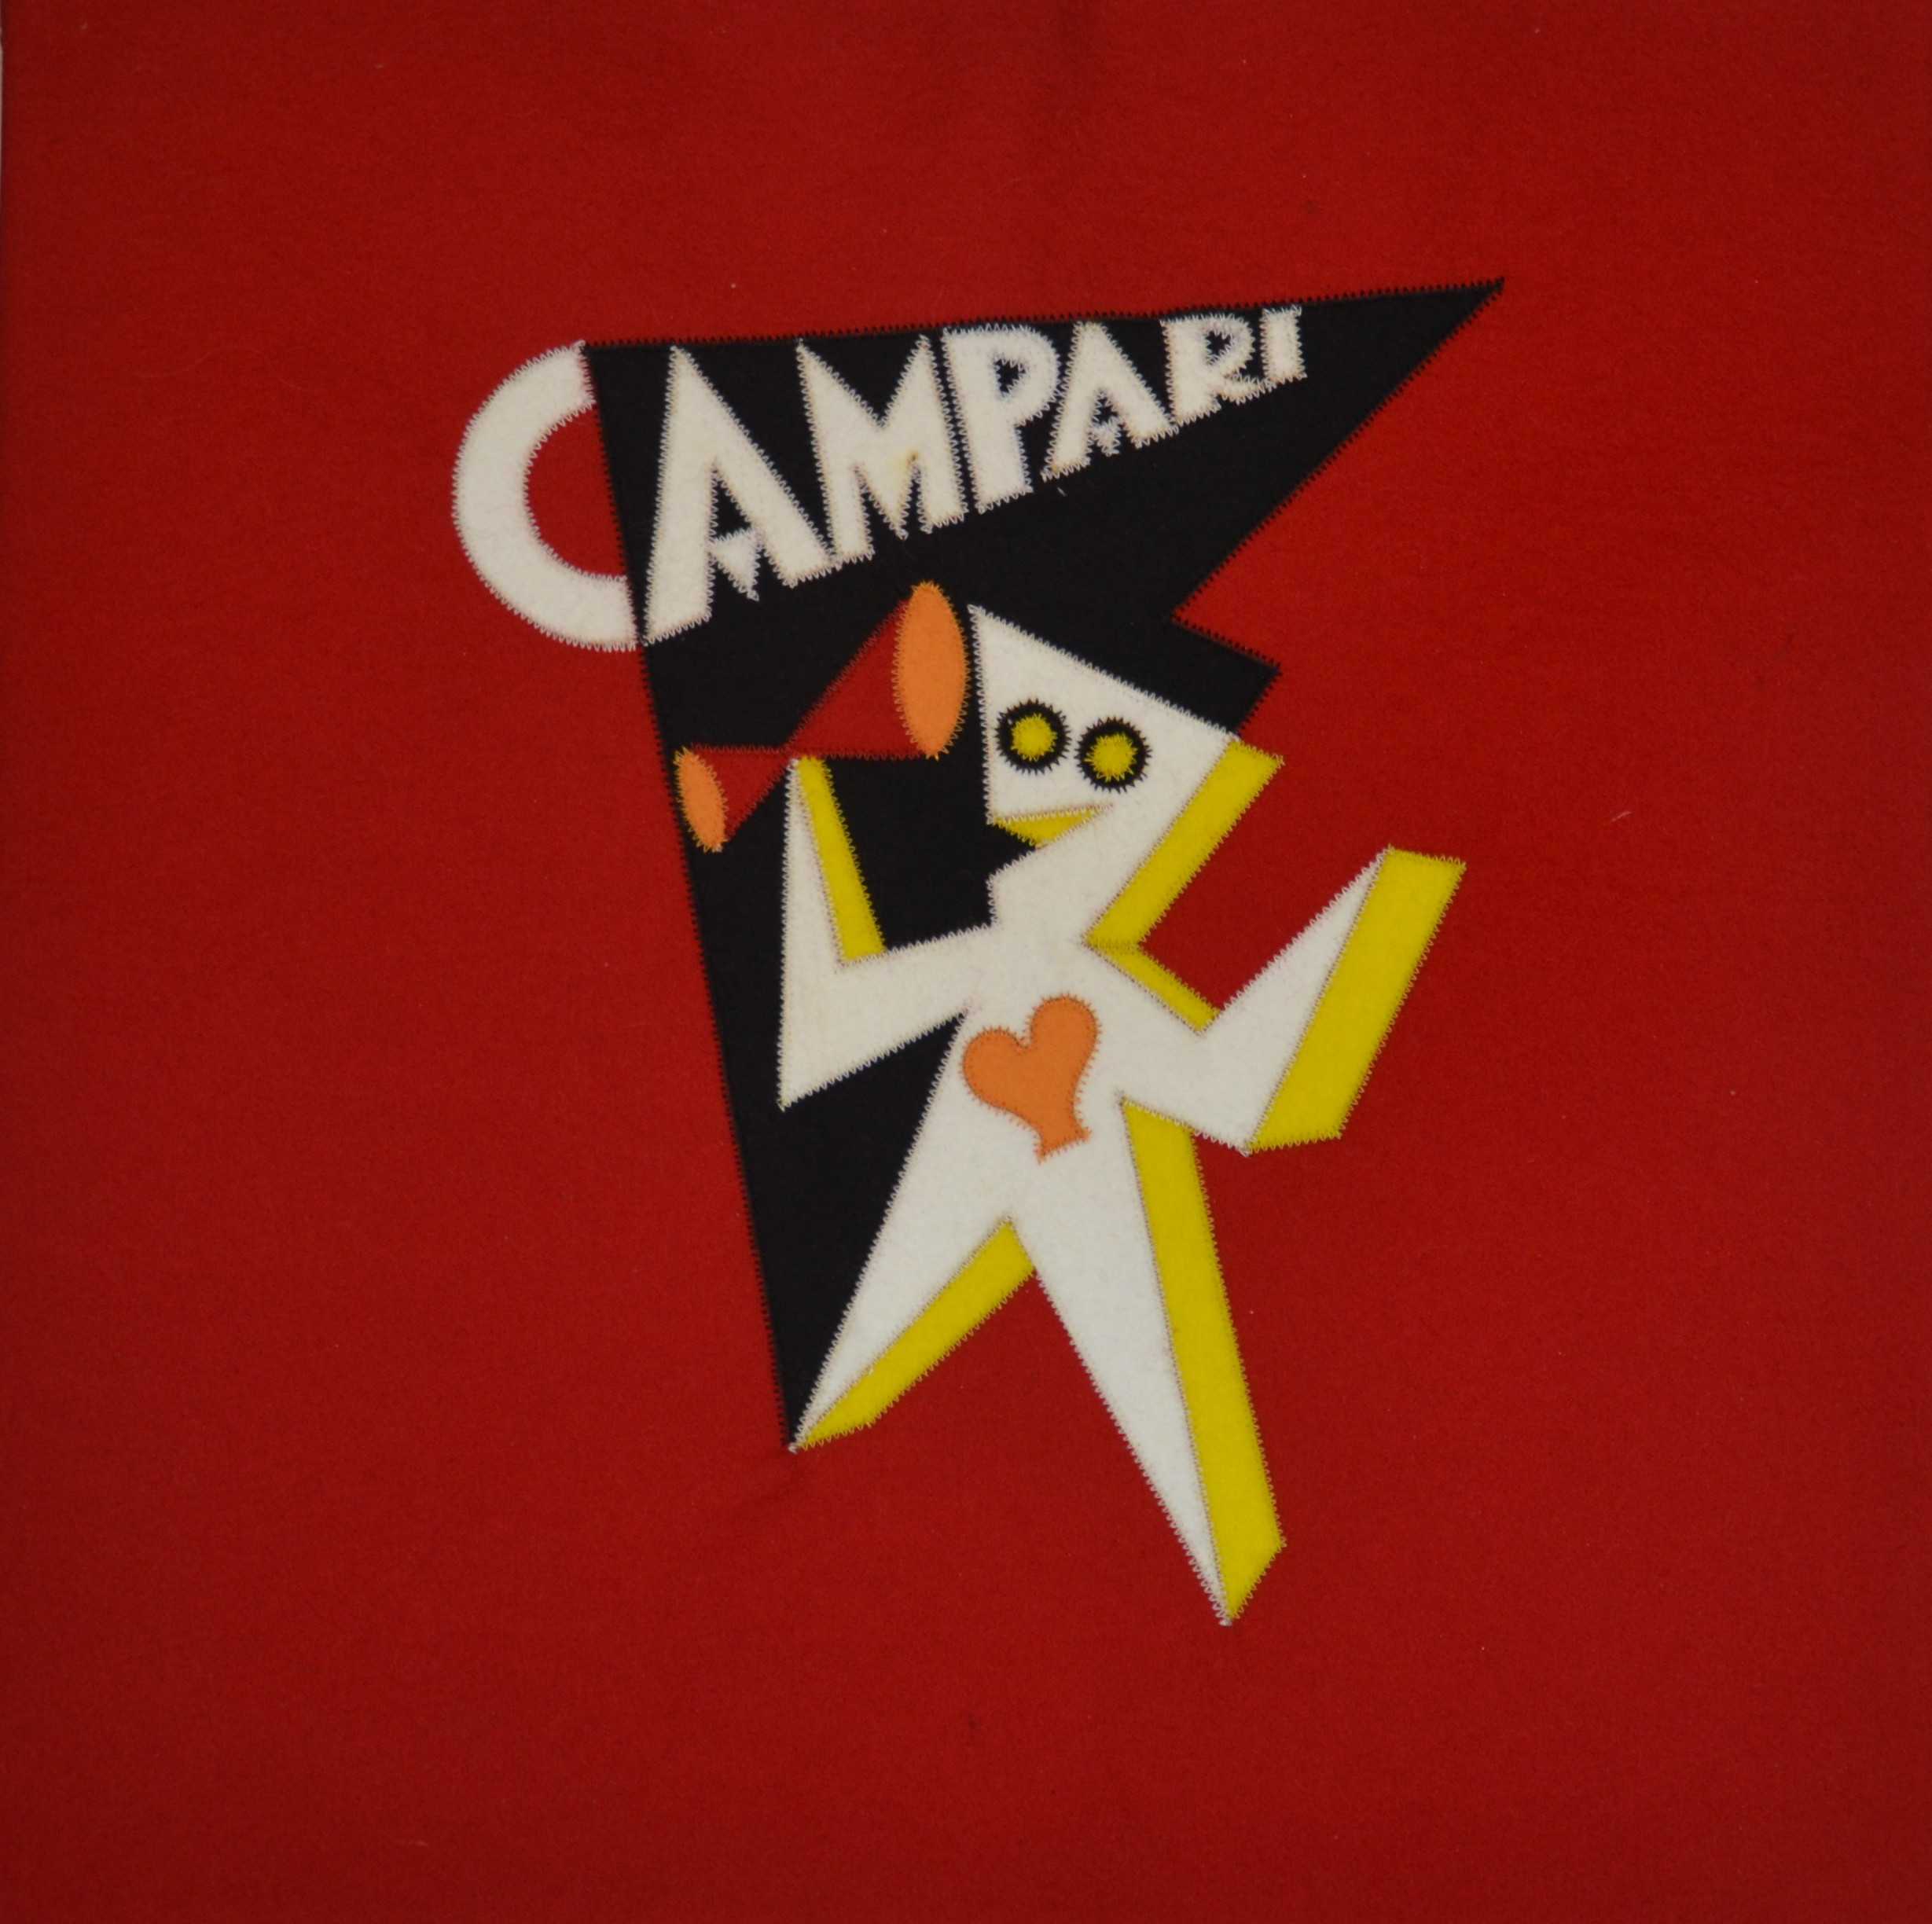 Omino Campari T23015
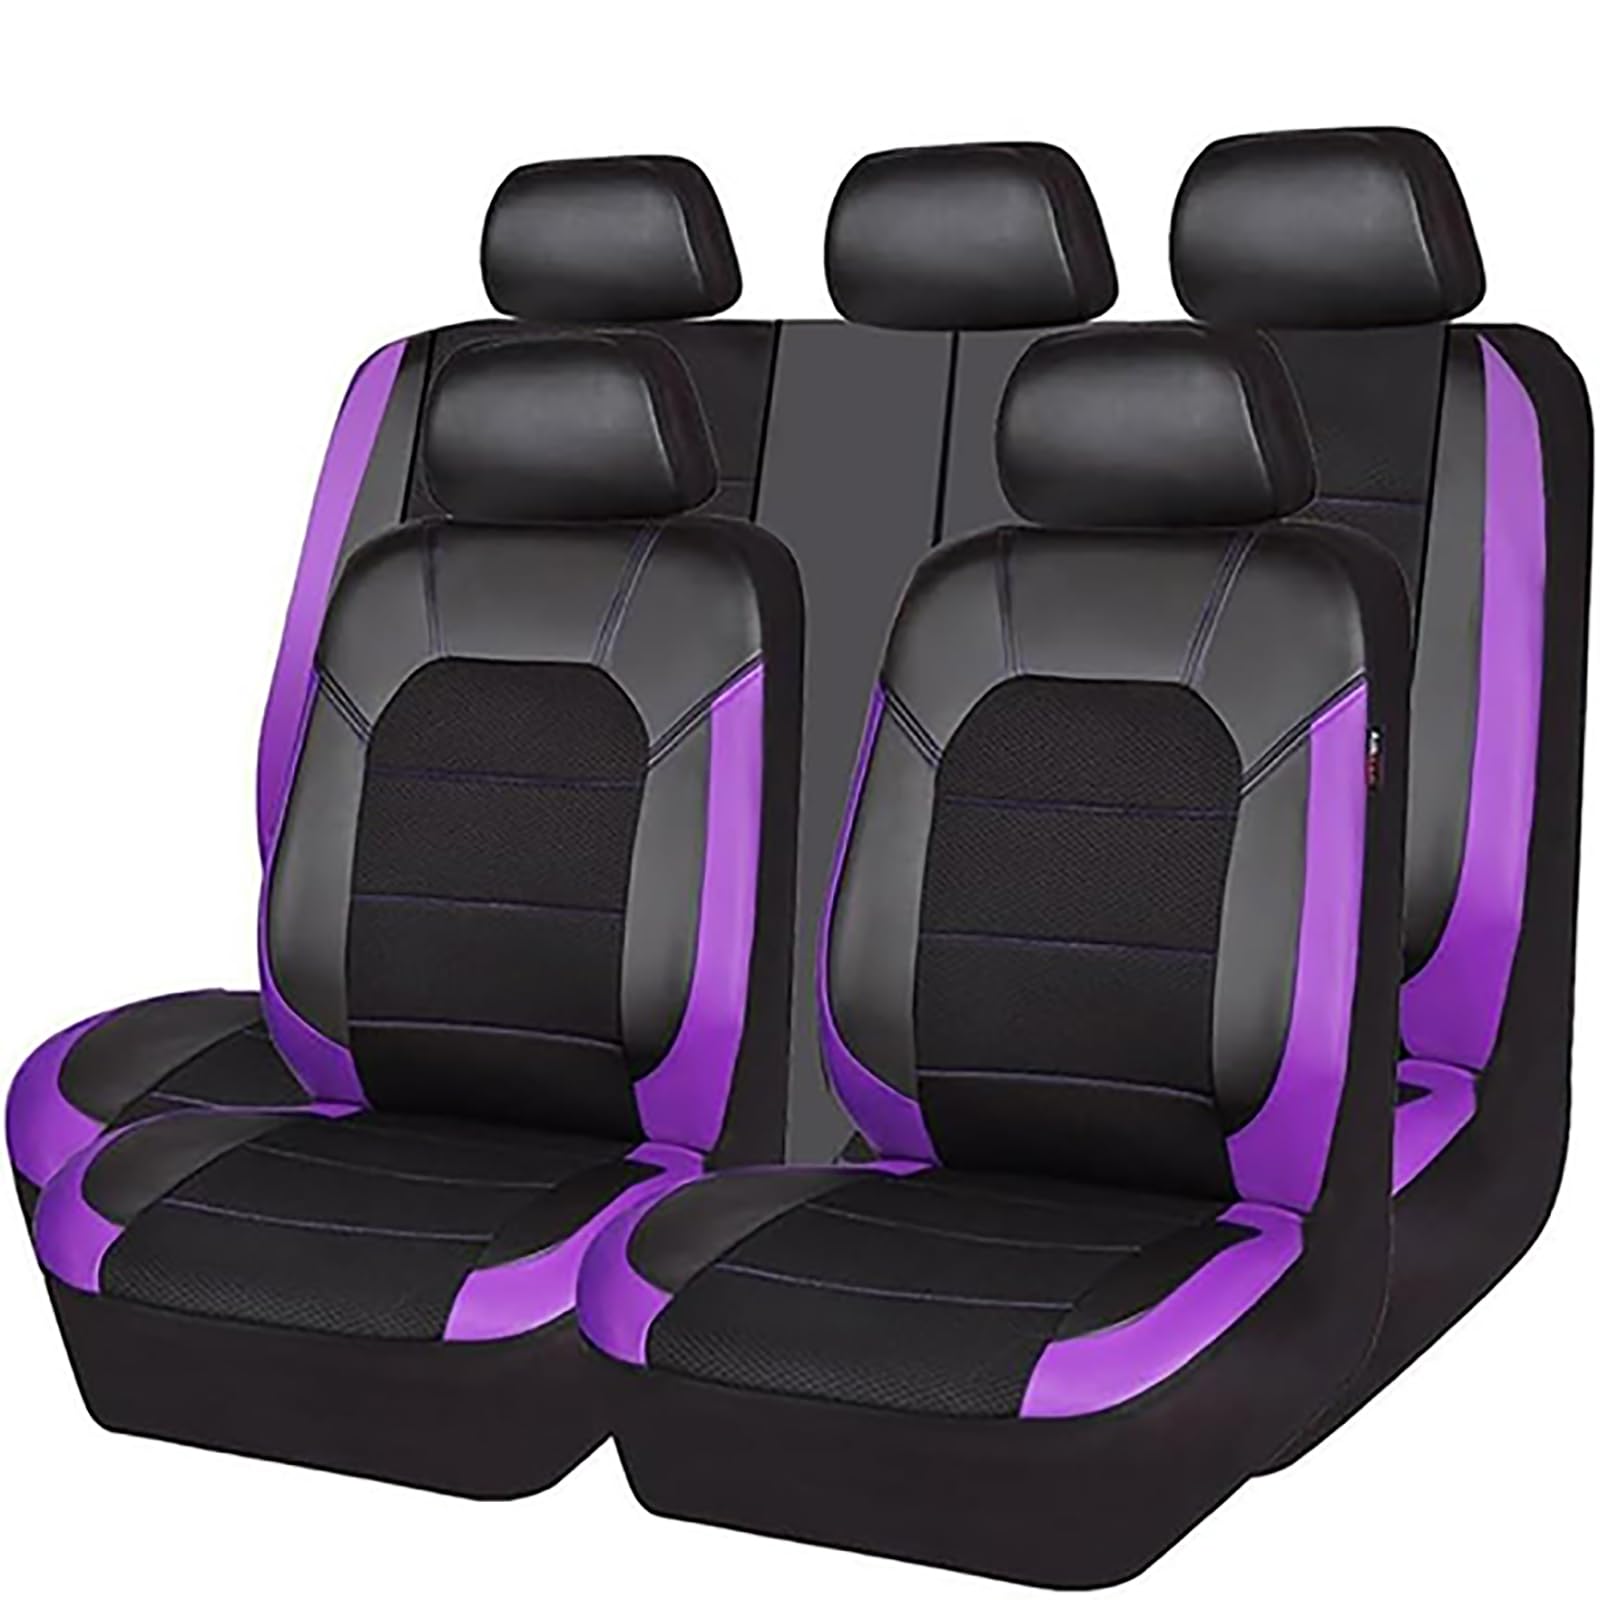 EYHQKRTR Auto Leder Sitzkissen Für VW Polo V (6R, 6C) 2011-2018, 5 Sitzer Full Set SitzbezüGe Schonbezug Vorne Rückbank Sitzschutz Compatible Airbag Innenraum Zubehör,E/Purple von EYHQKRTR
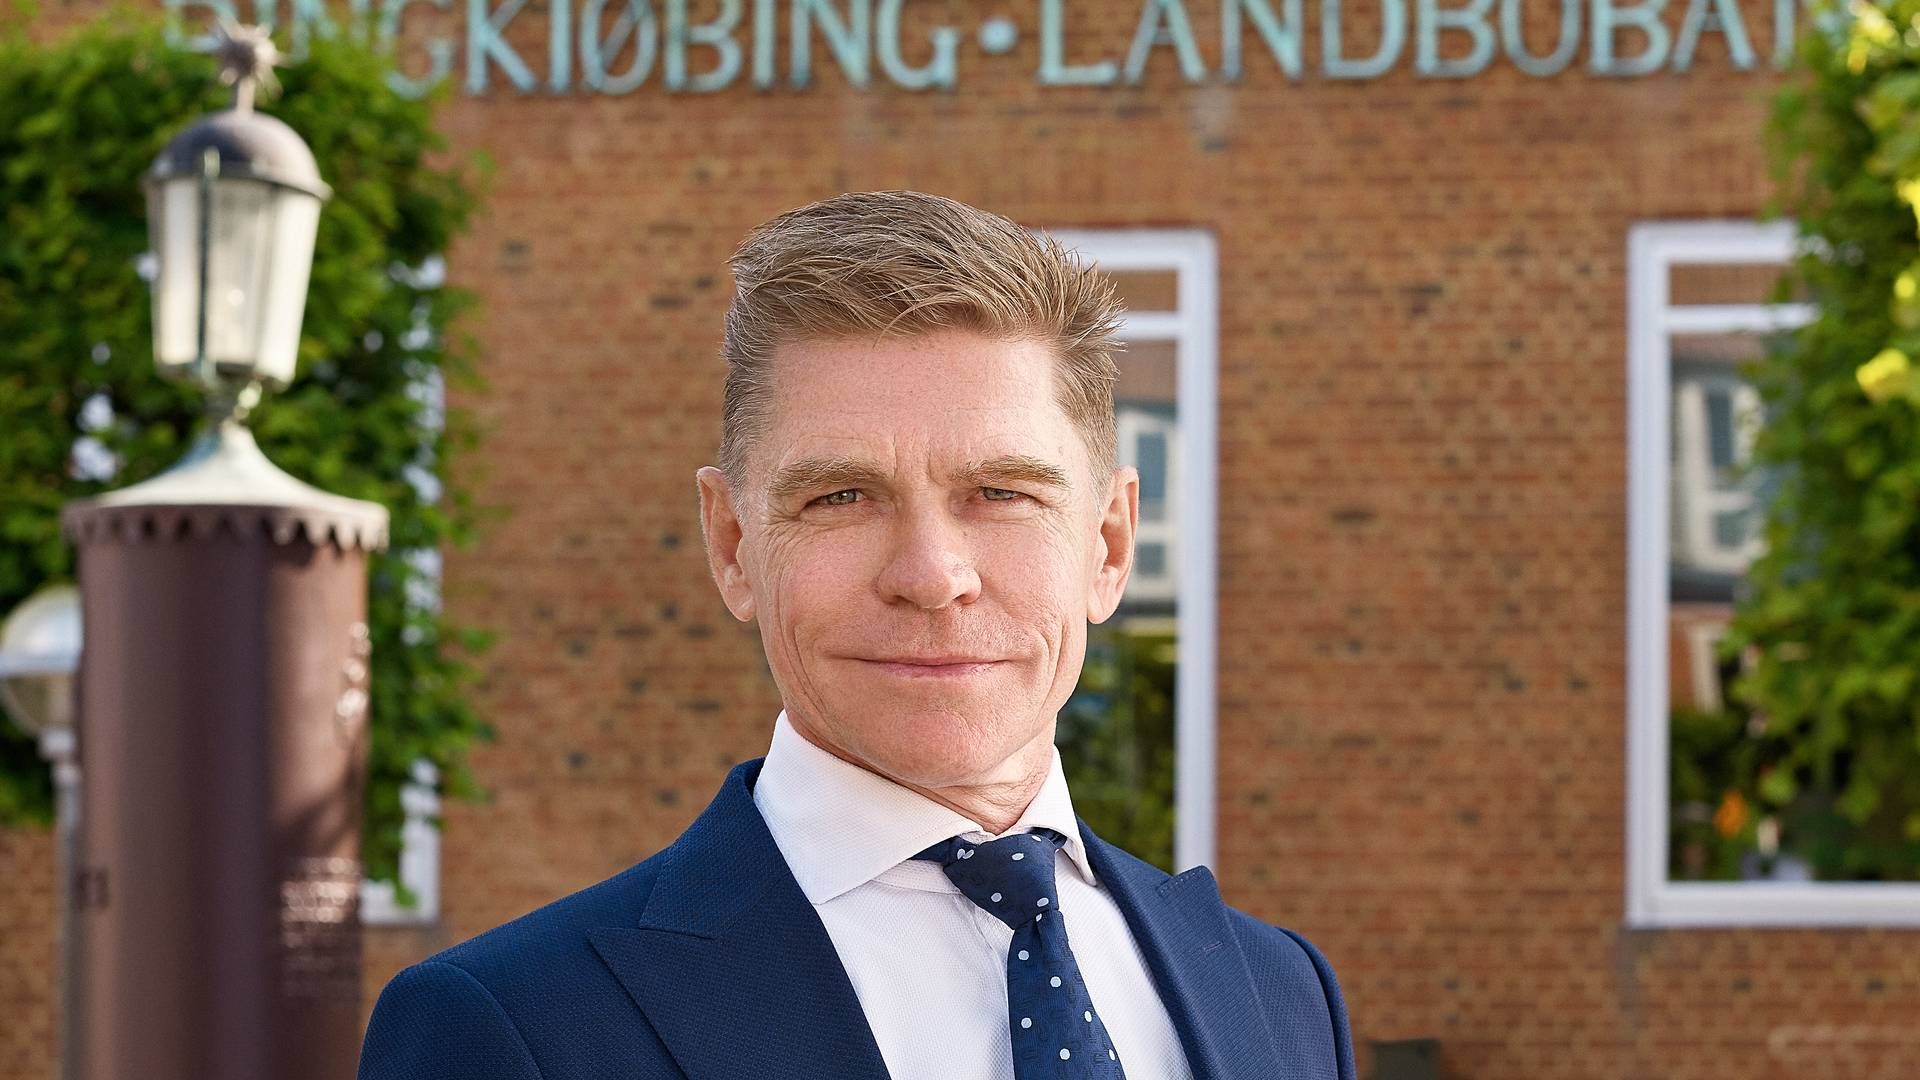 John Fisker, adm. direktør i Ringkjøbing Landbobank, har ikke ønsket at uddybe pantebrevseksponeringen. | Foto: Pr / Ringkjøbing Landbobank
== == ==
▶ **Work order**: I would like the data above transcribed exactly, with its pictures left out.

▶ **Written solution**:
 Omino Campari T23015
 EYHQKRTR Auto Leder Sitzkissen Für VW Polo V (6R, 6C) 2011-2018, 5 Sitzer Full Set SitzbezüGe Schonbezug Vorne Rückbank Sitzschutz Compatible Airbag Innenraum Zubehör,E/Purple von EYHQKRTR
 John Fisker, adm. direktør i Ringkjøbing Landbobank, har ikke ønsket at uddybe pantebrevseksponeringen. | Foto: Pr / Ringkjøbing Landbobank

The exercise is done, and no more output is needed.